Andres’s squat, bench, and deadlift weight totaled 597.5 kilograms, which was 210 kilograms more than the runner-up SuJan Gill, who totaled 387.5 kilograms, according to SymPlmeet.


Following the event, Andres celebrated the “win” on Instagram and posted that he took “every masters record and two unofficial world masters records.” Andres also announced that he recently turned 40, putting him in the Masters 1 category.


“I don’t care about records. I care about being there with my friends,” he wrote.

In a resurfaced video, Andres mocks the women in his powerlifting category.


"Why is women's bench so bad?" he asked. "I mean, not compared to me. We all know I'm a tranny freak, so that doesn't count."


“And no, we’re not talking about Mackenzie Lee,” he continued. “She’s got little T-Rex arms, and she’s like 400 pounds of chest muscle apparently. I mean, standard bench in powerlifting competition for women.
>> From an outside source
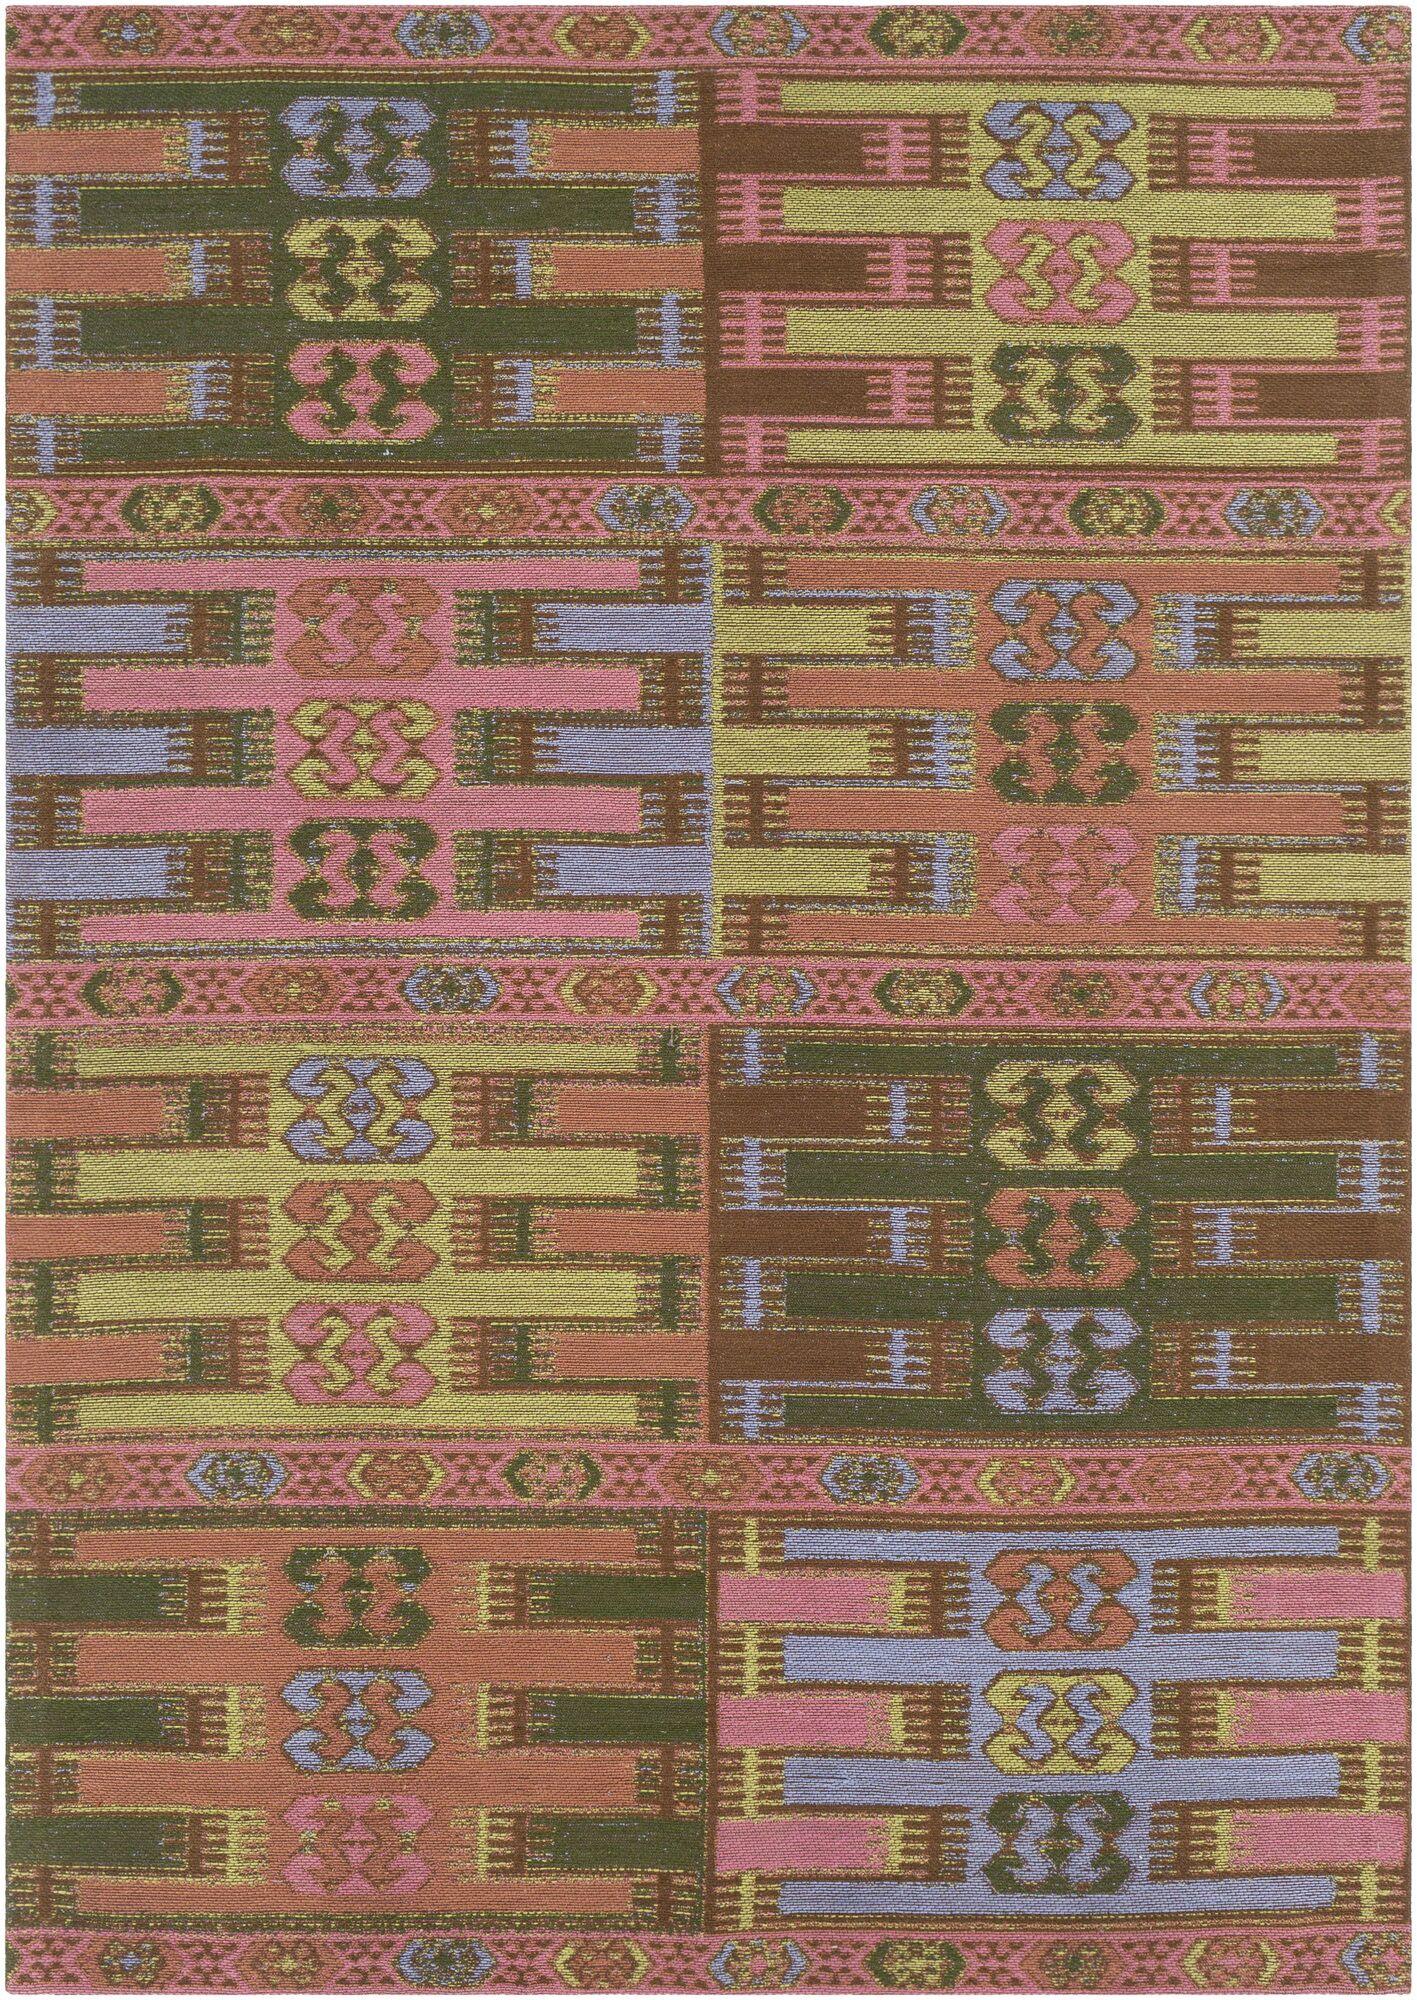 Ridge Manor Hand Woven Blush/Emerald Outdoor Area Rug Rug Size: Rectangle 4' x 6'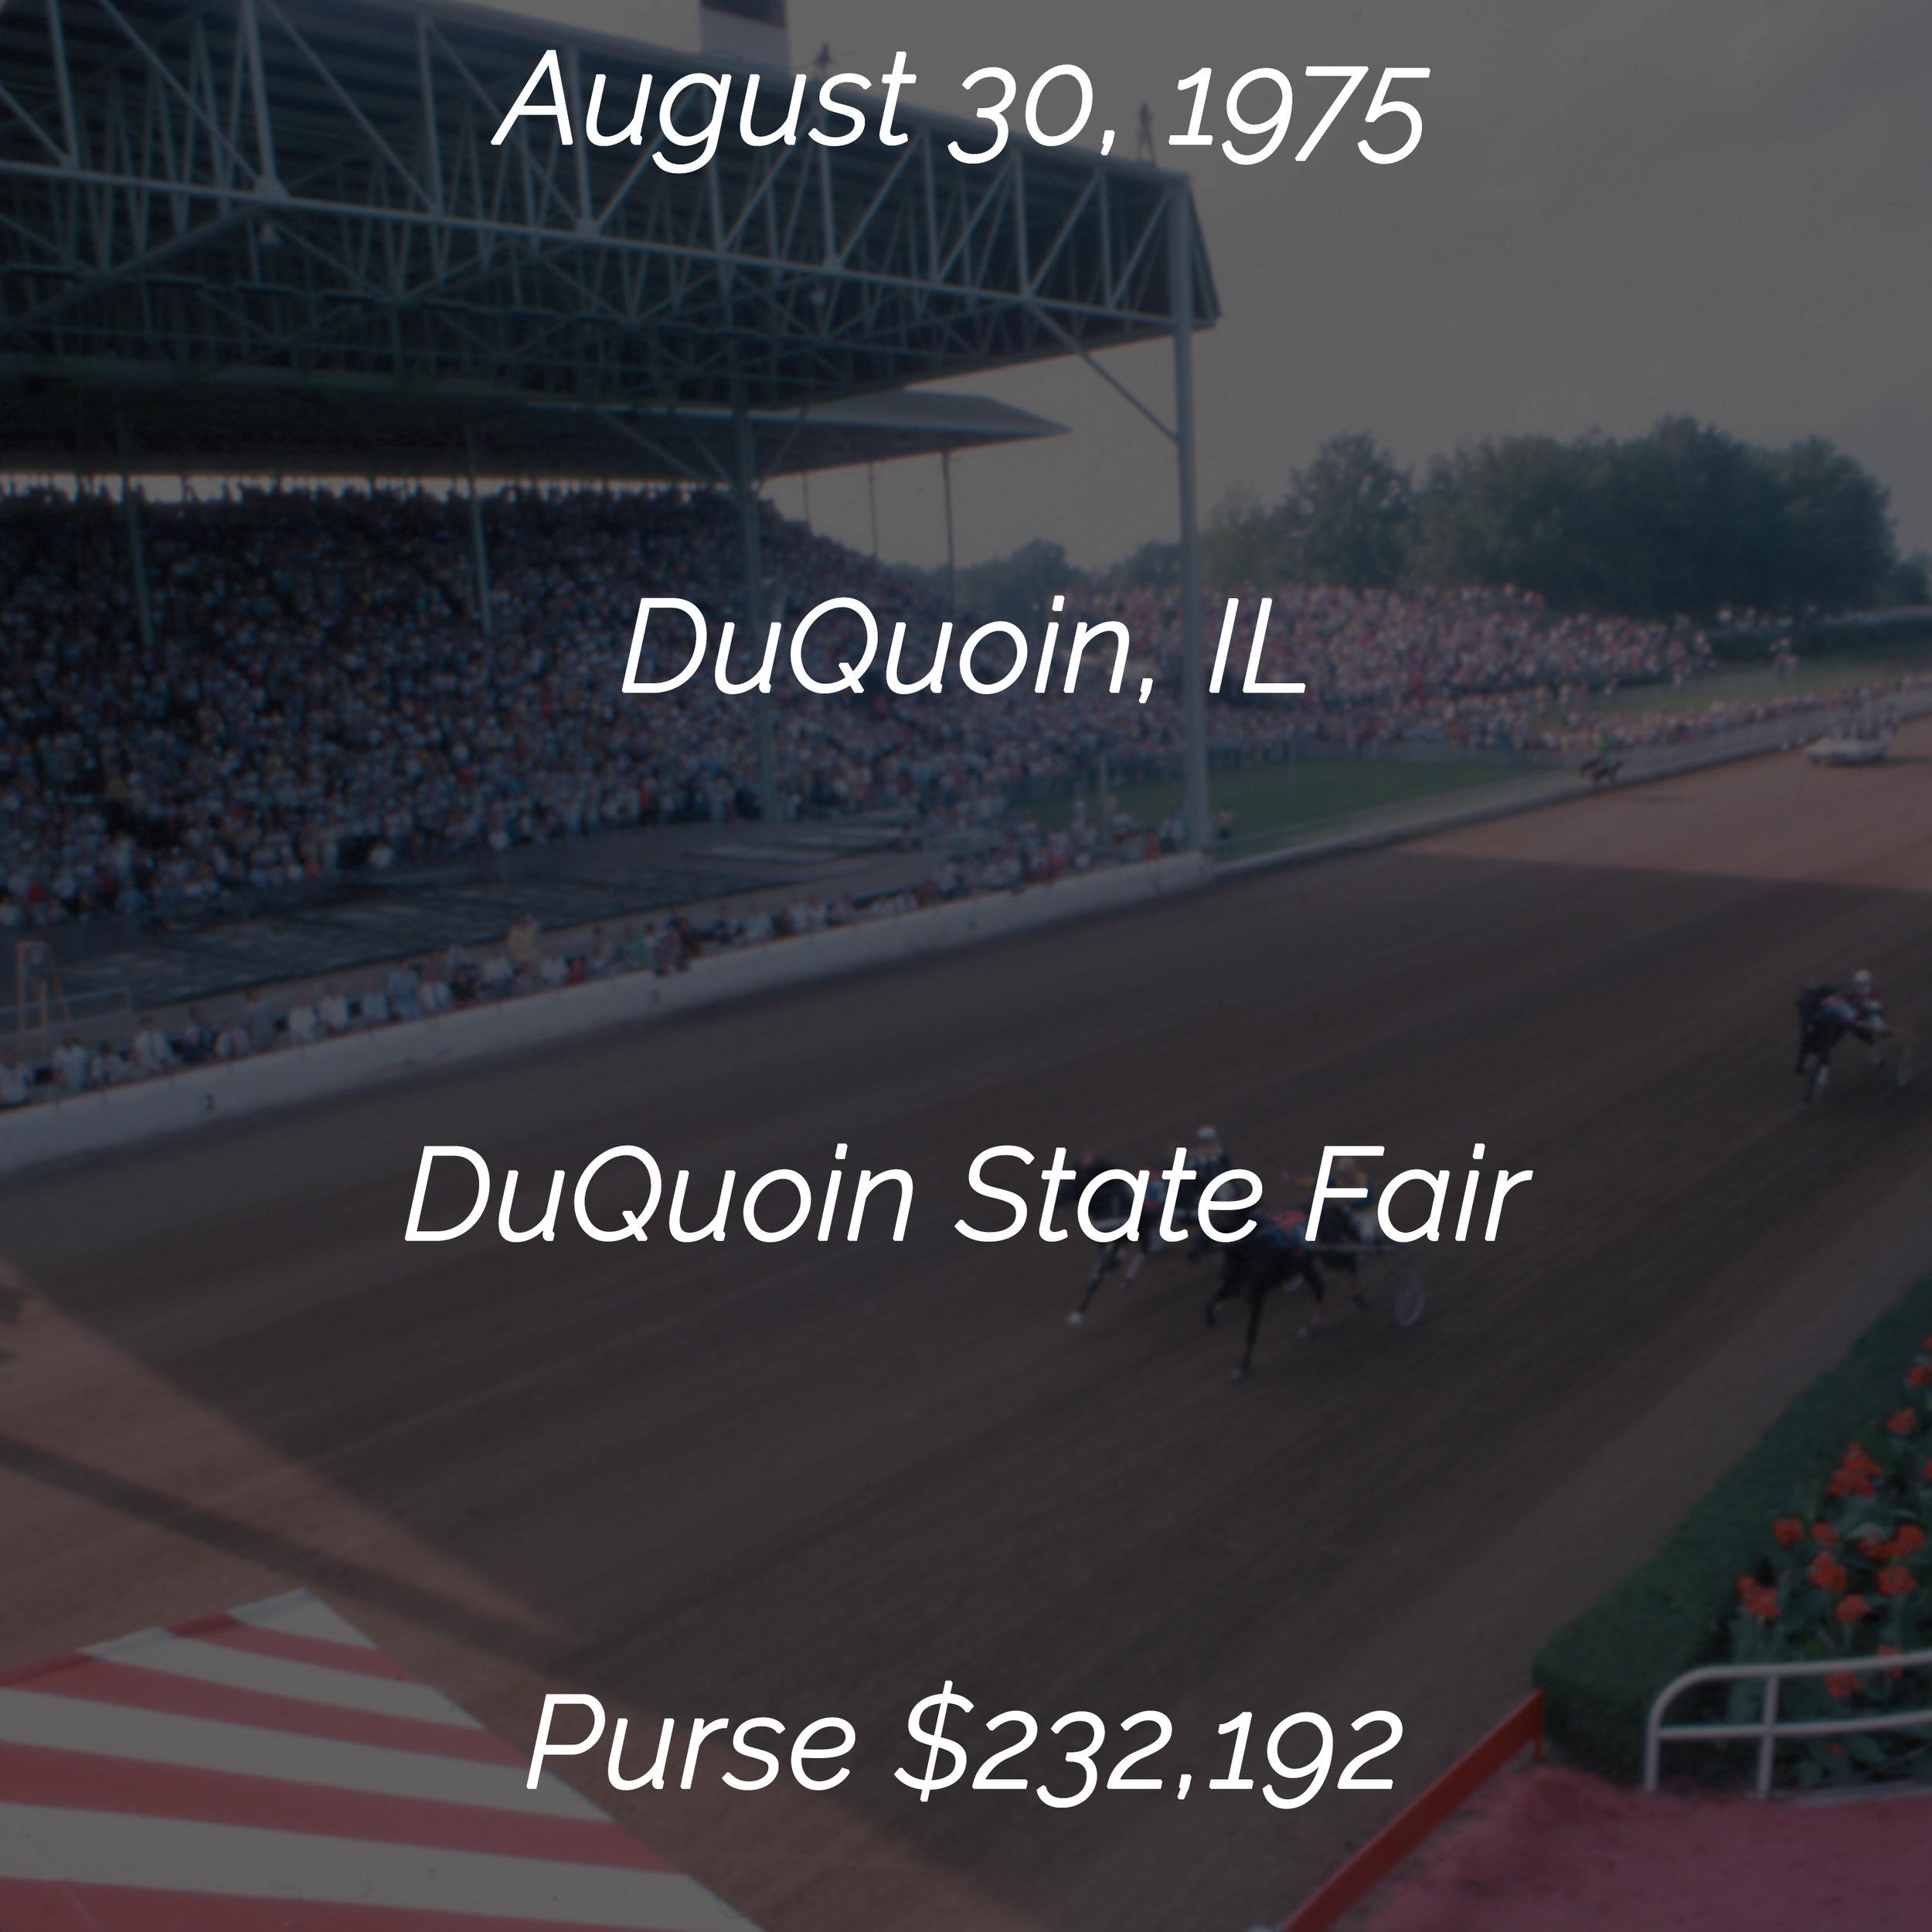 1975 history info square.jpg

I literally don’t understand why it’s so bad.”


Riley Gaines, ex-swimmer and advocate for protecting women’s sports, responded to the resurfaced video, calling Andres’s record a “mediocre lift by a mediocre male powerlifter.”


“Being a woman or a female athlete doesn't mean we’re inferior or not capable of accomplishing incredible things, but it means we’re different to men,” she said. “And that’s exactly why the women’s sporting category was ever even created.”


“We deserve to be recognized and celebrated based off of those physical ceilings and our own uniqueness,” she added.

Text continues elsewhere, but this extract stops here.